Thanks for the extra info @lots0logs . I'll see if I can reproduce it on a k8s cluster and get to the bottom of why these errors are popping up for you.

bsnyder788 commented 3 years ago

@lots0logs I was not able to reproduce on it a k8s cluster either. Can you try adding --web.listen in the systemd unit file (in the ExecStart line). e.g. ExecStart=/opt/digitalocean/bin/do-agent --web.listen --syslog. After doing a systemctl daemon-reload and a systemctl restart do-agent, you should be able to do a curl localhost:9100 and get the raw metrics that are being scraped. I would be curious to see if that is somehow having duplicate entries for the metrics in your original log.

UnKnoWn-Consortium commented 3 years ago

I have encountered the exactly same issue (even the systemd message is the same) with do-agent on two droplets running Ubuntu 20.04.1. One was set up yesterday while the other one has been in use for just a month or so. I have to stop the do-agent service.

P.S. I am not running Kubernetes on the two affected droplets.

UnKnoWn-Consortium commented 3 years ago

@lots0logs I was not able to reproduce on it a k8s cluster either. Can you try adding --web.listen in the systemd unit file (in the ExecStart line). e.g. ExecStart=/opt/digitalocean/bin/do-agent --web.listen --syslog. After doing a systemctl daemon-reload and a systemctl restart do-agent, you should be able to do a curl localhost:9100 and get the raw metrics that are being scraped. I would be curious to see if that is somehow having duplicate entries for the metrics in your original log.

Following your guide, I am able to get the following:


2 error(s) occurred:
* collected metric "node_filesystem_size_bytes" { label:<name:"device" value:"/dev/vda15" > label:<name:"fstype" value:"vfat" > label:<name:"mountpoint" value:"/boot/efi" > gauge:<value:1.09422592e+08 > } was collected before with the same name and label values
* collected metric "node_filesystem_free_bytes" { label:<name:"device" value:"/dev/vda15" > label:<name:"fstype" value:"vfat" > label:<name:"mountpoint" value:"/boot/efi" > gauge:<value:9.9854336e+07 > } was collected before with the same name and label values
plutocrat commented 3 years ago

Confirmed here. Running 4 Ubuntu 20.04 droplets. On all 4, do-agent cpu is running at around 95% all the time. Tried the --web.listen instruction, but apparently nothing listening on that port when I do. I can also confirm the error messages in /var/log/syslog and journalctl -xe Installed version: 3.7.1 For now I've just got rid of it with apt purge do-agent

bsnyder788 commented 3 years ago

@lots0logs I was not able to reproduce on it a k8s cluster either. Can you try adding --web.listen in the systemd unit file (in the ExecStart line). e.g. ExecStart=/opt/digitalocean/bin/do-agent --web.listen --syslog. After doing a systemctl daemon-reload and a systemctl restart do-agent, you should be able to do a curl localhost:9100 and get the raw metrics that are being scraped. I would be curious to see if that is somehow having duplicate entries for the metrics in your original log.

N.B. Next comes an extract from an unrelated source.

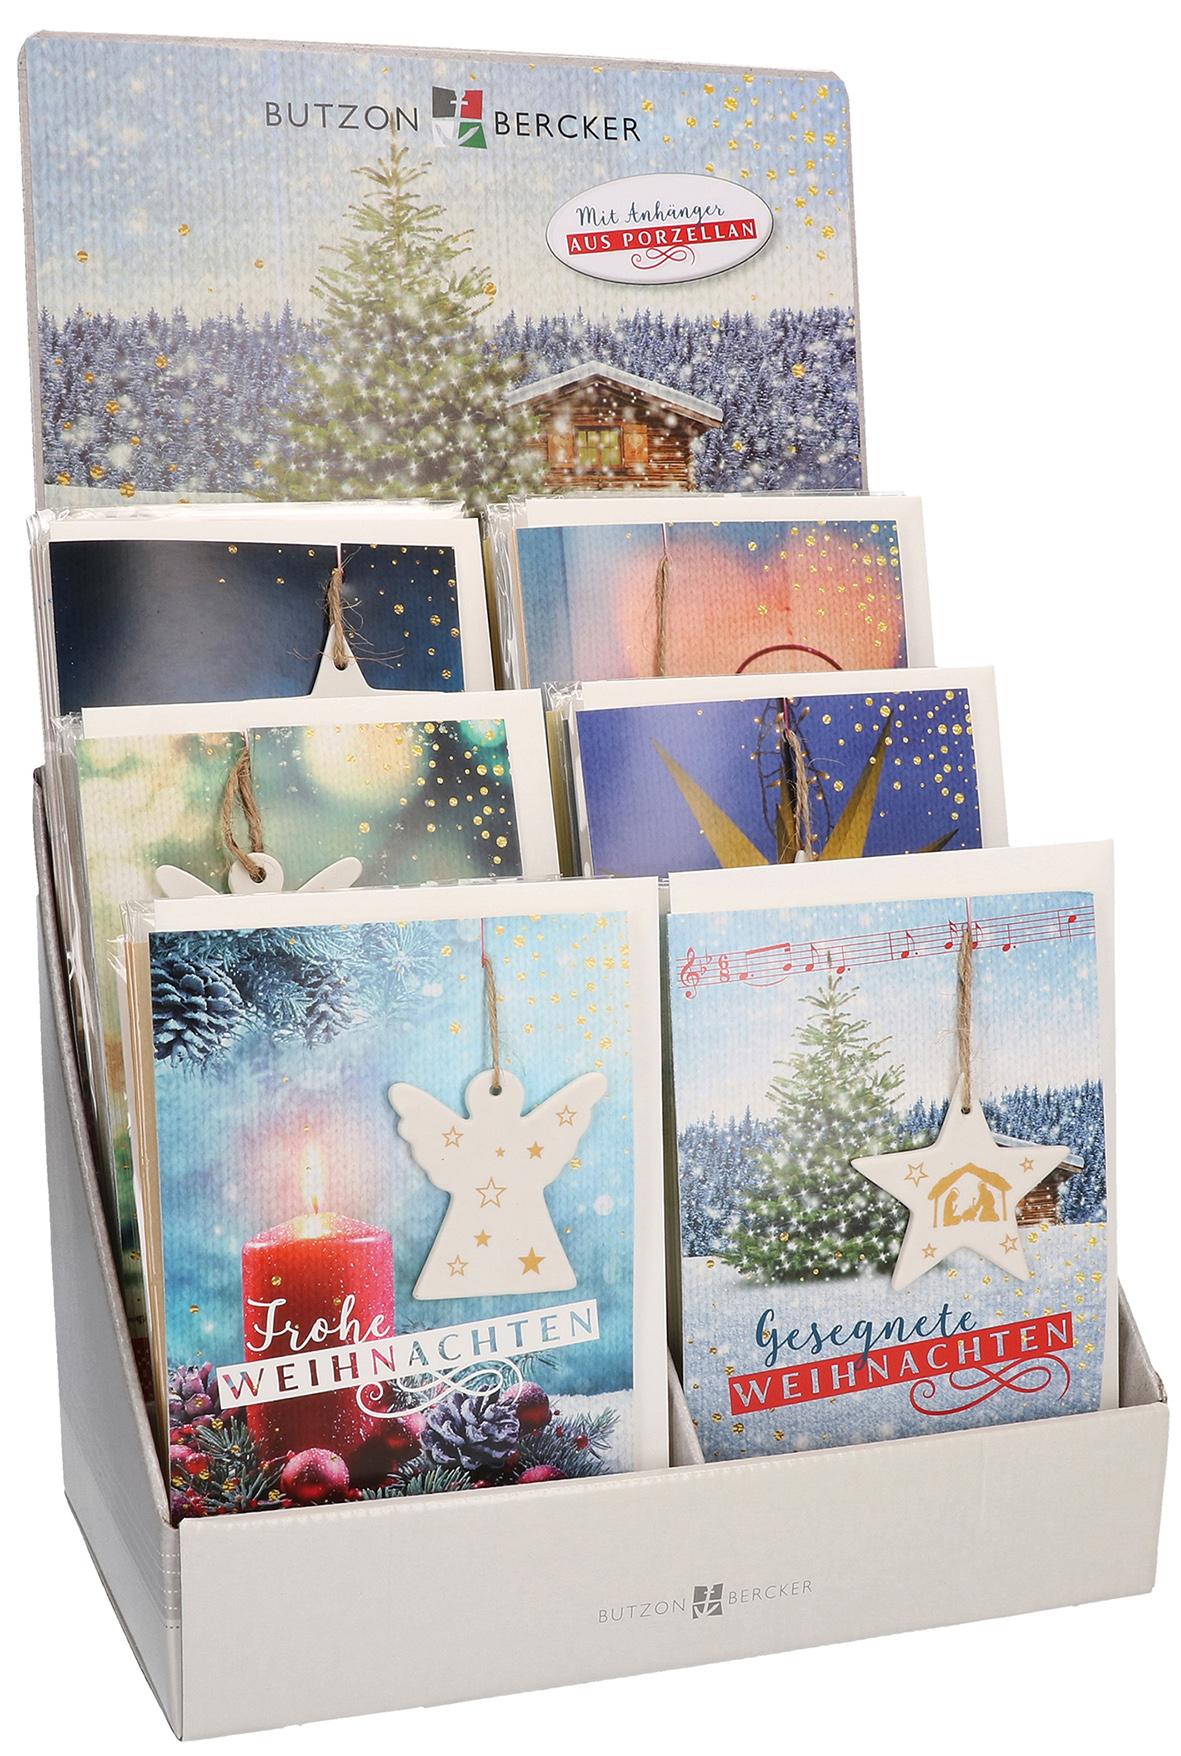 display weihnachtskarten mit porzellan anh nger. Black Bedroom Furniture Sets. Home Design Ideas
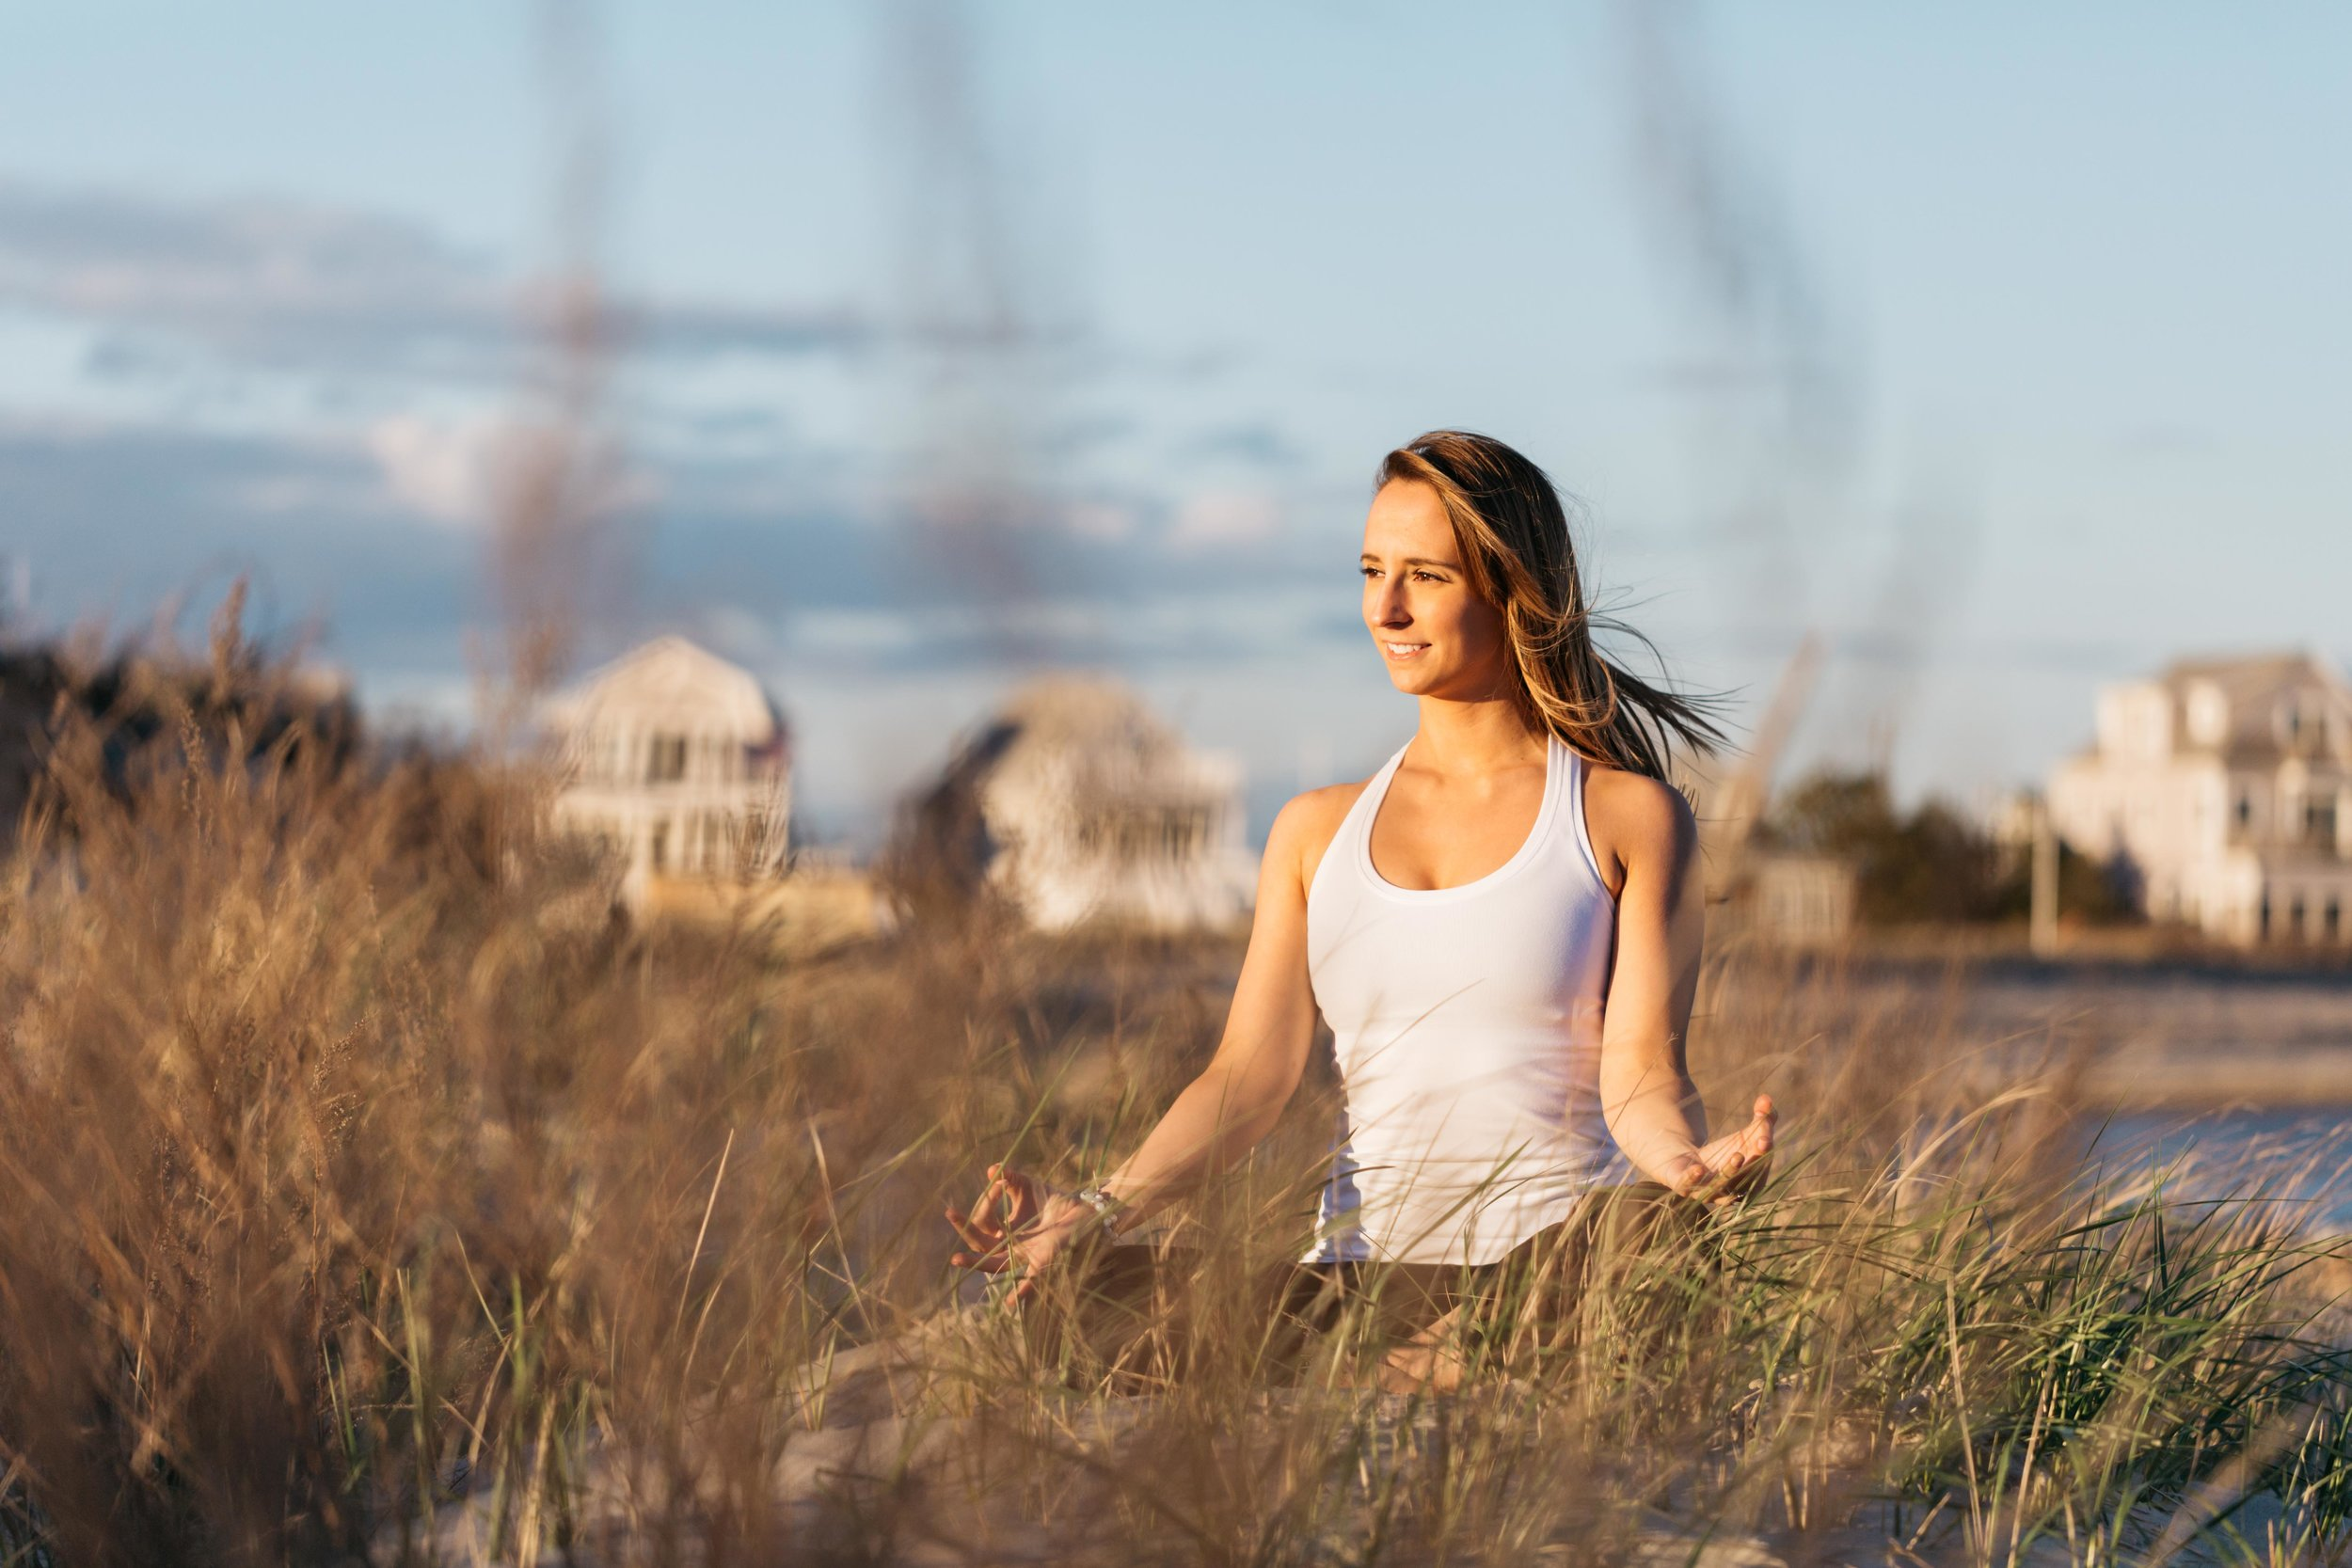 boston-yoga-photographer-kerry-10.jpg

Following your guide, I am able to get the following:

2 error(s) occurred:
* collected metric "node_filesystem_size_bytes" { label:<name:"device" value:"/dev/vda15" > label:<name:"fstype" value:"vfat" > label:<name:"mountpoint" value:"/boot/efi" > gauge:<value:1.09422592e+08 > } was collected before with the same name and label values
* collected metric "node_filesystem_free_bytes" { label:<name:"device" value:"/dev/vda15" > label:<name:"fstype" value:"vfat" > label:<name:"mountpoint" value:"/boot/efi" > gauge:<value:9.9854336e+07 > } was collected before with the same name and label values

When you do the curl localhost:9100 what is the raw output?

bsnyder788 commented 3 years ago

Is your 20.04 image the stock DO image or a custom 20.04 image?

On Fri, Oct 30, 2020, 5:15 AM plutocrat notifications@github.com wrote:

Confirmed here. Running 4 Ubuntu 20.04 droplets. On all 4 do-agent cpu is around 95% all the time. Tried the --web.listen instruction, but apparently nothing listening on that port when I do. Installed version: 3.7.1

— You are receiving this because you were mentioned. Reply to this email directly, view it on GitHub https://github.com/digitalocean/do-agent/issues/233#issuecomment-719438147, or unsubscribe https://github.com/notifications/unsubscribe-auth/AAXDLP3EWU6SM2GGR2YRJQDSNJ74XANCNFSM4SQ6RVVQ .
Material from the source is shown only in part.